Две исторические даты, отмечаемые на исходе зимы и в начале весны, тесно, хотя и парадоксально, связаны в русском сознании. 19 февраля 1861 года был опубликован Манифест Александра II об освобождении крестьян. А через два десятка лет, 1 марта 1881-го, террористы из «Народной воли» взорвали царя-освободителя. Тогда на престол взошел император Александр III, давший державе мирную передышку, обуздавший на время революционеров и скорректировавший реформы отца. Он же считается самым консервативным и «национальным» русским государем. 

Какие уроки мы можем сегодня извлечь из тех событий? Показаны ли нашей стране хирургические реформы или, скорее, нам нужно поступательное движение к цели? Почему высоковольтные нити памяти продолжают вибрировать между двумя эпохами, высекая из гранита истории искры гнева, жалости и надежды? Об этом на круглом столе газеты «Культура» размышляют историки и публицисты.


«Преемственность власти укрепляет государство»
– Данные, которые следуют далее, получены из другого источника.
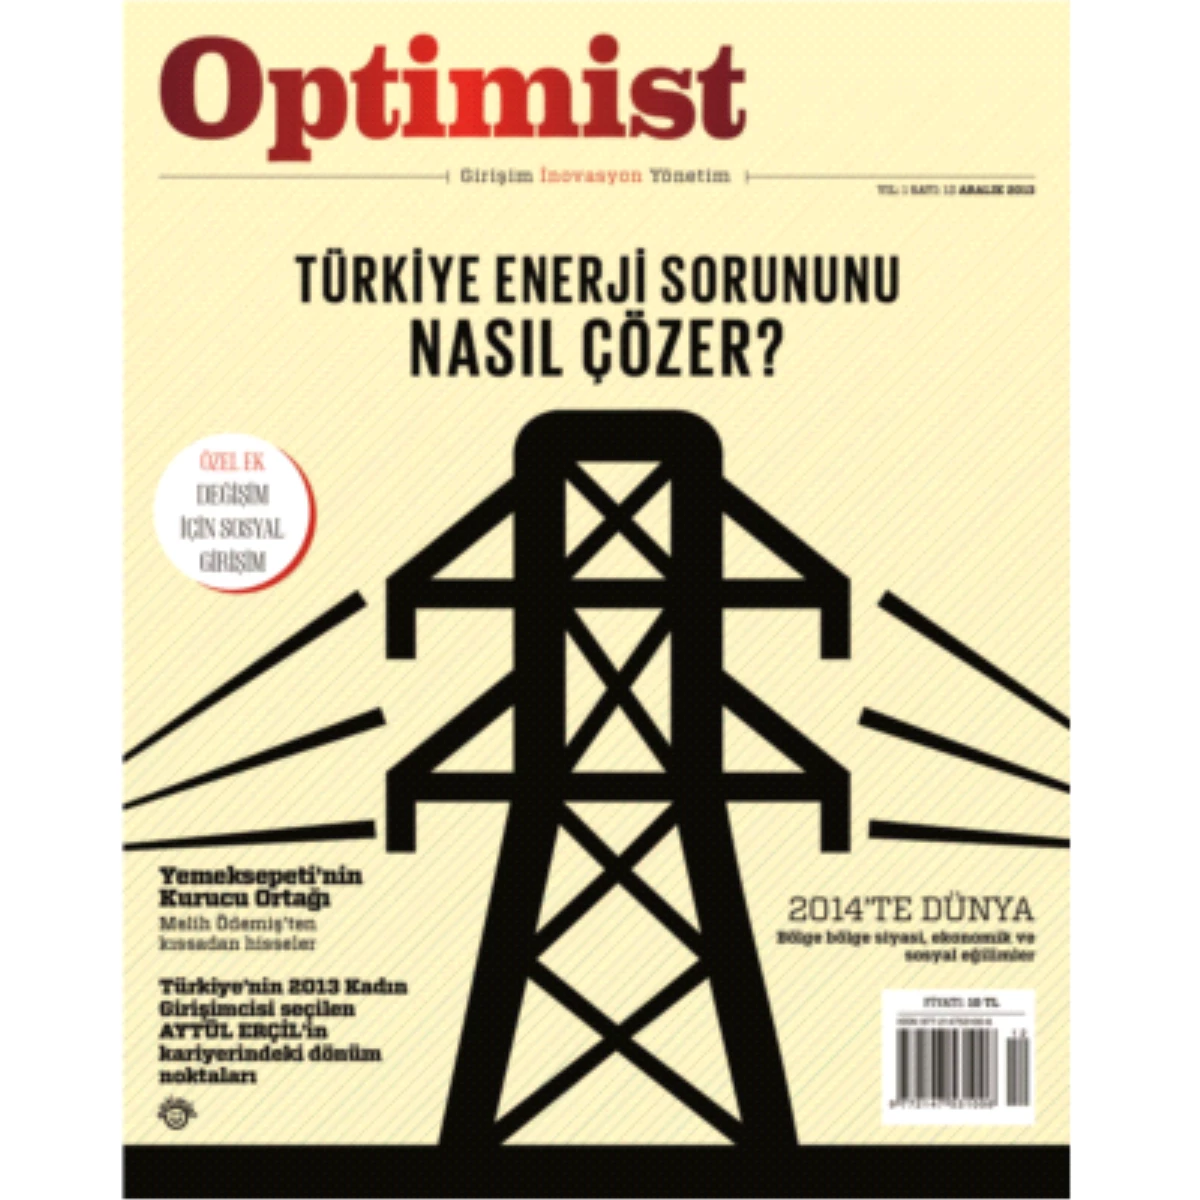 Girişim, İnovasyon ve Yönetim Dergisi Optimist\'in Aralık Sayısı Çıktı

Перевезенцев: Противопоставление двух императоров, Александра II и Александра III, неверно. Они оба служили русскими православными государями, мыслили примерно в одних и тех же категориях, исповедовали общие духовно-политические ценности и «старались на пользу Отечества». Просто каждый действовал в той исторической обстановке, в которой оказался, и с помощью тех инструментов, какими располагал. Иначе говоря, тот и другой вполне адекватно реагировали на меняющиеся вызовы, встававшие перед страной. Кстати, как и Николай I, хотевший, но не рискнувший отменить крепостное право, правомерно опасаясь взрыва дворянского недовольства. И в политических предпочтениях все три государя были едины. Напомню, что в день трагической гибели Александр II обронил фразу, которая многим запомнилась: «Значит, не избежать мне конституции». То есть он не хотел резких политических изменений так же, как его отец и его сын. Просто у последнего появилась весомая причина остановить «конституционный напор» окружения — разгул народнического террора.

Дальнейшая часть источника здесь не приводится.